New Delhi: Sugar output in India, the world’s largest consumer and second-biggest producer, will likely decline by 4% during the next marketing year starting October to 24 million tonne from an earlier forecast due to poor monsoon showers, the Indian Sugar Mills Association (Isma) said on Monday. However, sugar supplies will still exceed consumption, preventing any irrational spike in prices, which have risen by more than 15% since July on fears poor rainfall would hurt cane yield.
Isma had in June predicted sugar production of 25 million tonne for 2012-13, compared with the actual production of 26 million tonne in 2011-12, the association said in a statement.
Isma said sugar stocks at the start of the next marketing year are estimated at 6 million tonne from 5.5 million tonne in the previous year, thanks to higher production in 2011-12. The country consumes around 21.5 million to 22 million tonne of sugar a year.

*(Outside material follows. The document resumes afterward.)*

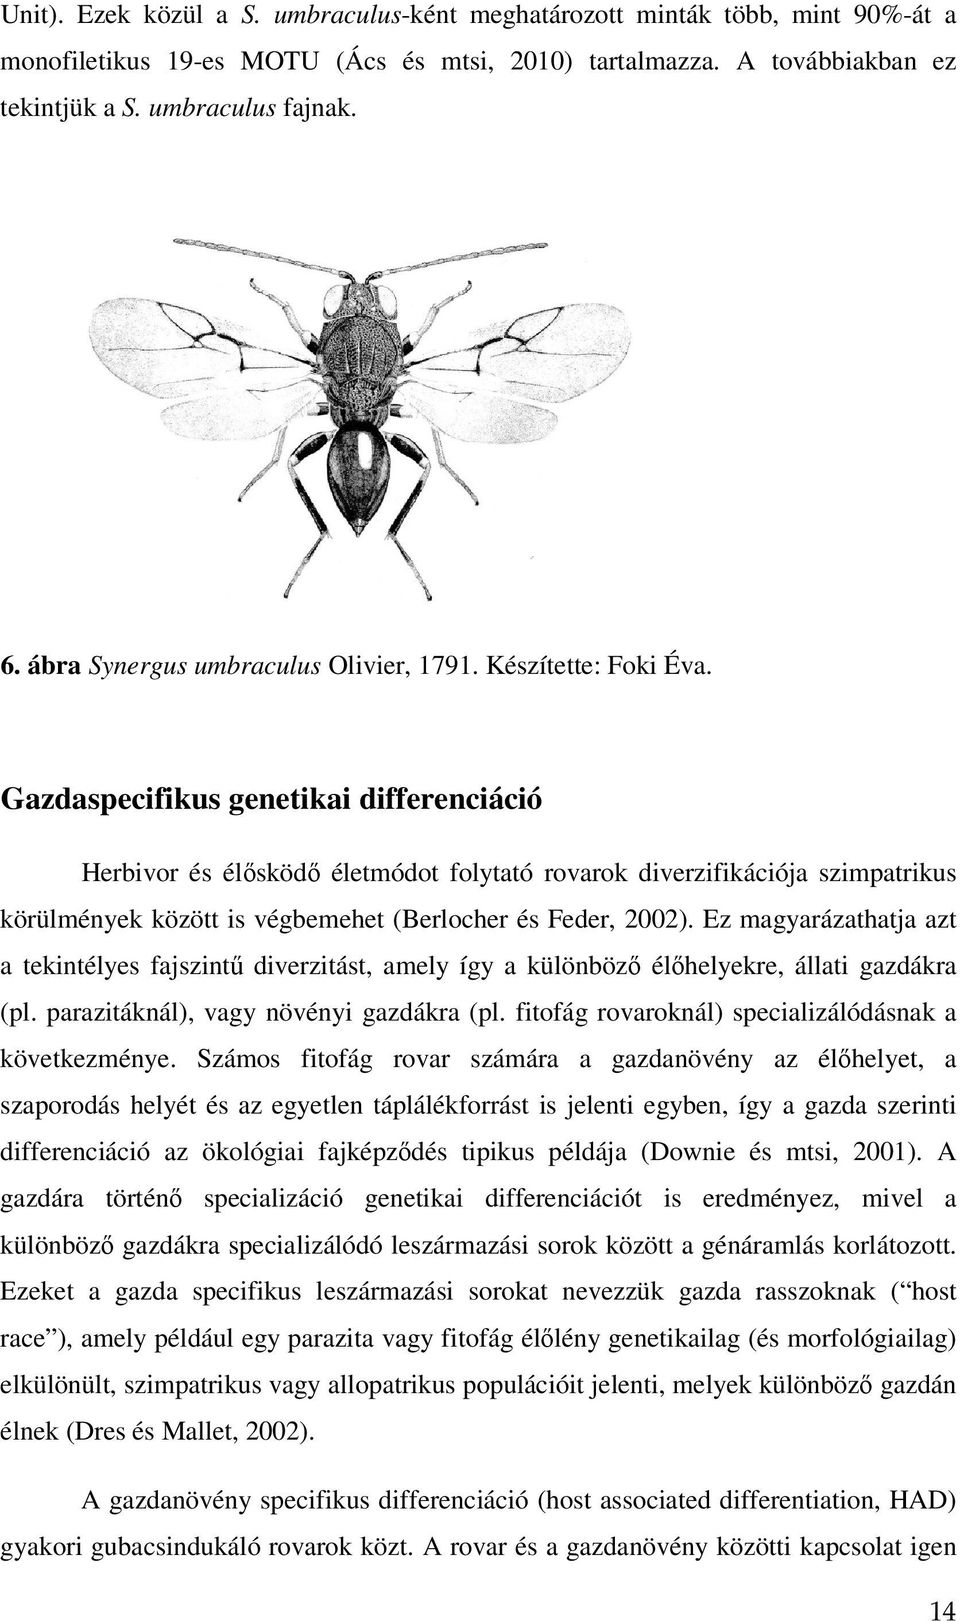 Gazdaspecifikus genetikai differenciáció Herbivor és élısködı életmódot folytató rovarok diverzifikációja szimpatrikus körülmények között is végbemehet (Berlocher és Feder, 2002).

Production in the largest producing state of Maharashtra will likely fall by nearly 28% to 6.5 million tonne in 2012-13 on poor showers in some parts and diversion of cane for fodder, while output in Karnataka may slump 21% to three million tonnes, Isma said. However, production in Uttar Pradesh may rise by close to 13% to 7.9 million tonnes due to a 10% rise in cane planting. Analysts still believe India, which has been exporting sugar for the past two years, would be in a position to ship the sweetener in 2012-13 as well. India's sugar exports touched a four-year high of 3.15 million tonne until August 28 this year, and another 200,000 tonne of sugar are lying in ports for shipments.
“Considering surplus sugar production in the next year and a very comfortable opening balance as of October 1, there will be enough sugar to meet the domestic requirement throughout the next sugar season,” an Isma statement said.
Both Isma and National Federation Of Co-operative Sugar Factories Ltd (NFCSF) have also said the country would have enough leeway to allow exports in 2012-13 as well.
Sugar prices started creeping up since June after poor monsoon rains affected sowing and also sparked fears of a drop in yield. Prices have since moved up by around 20% in the retail market.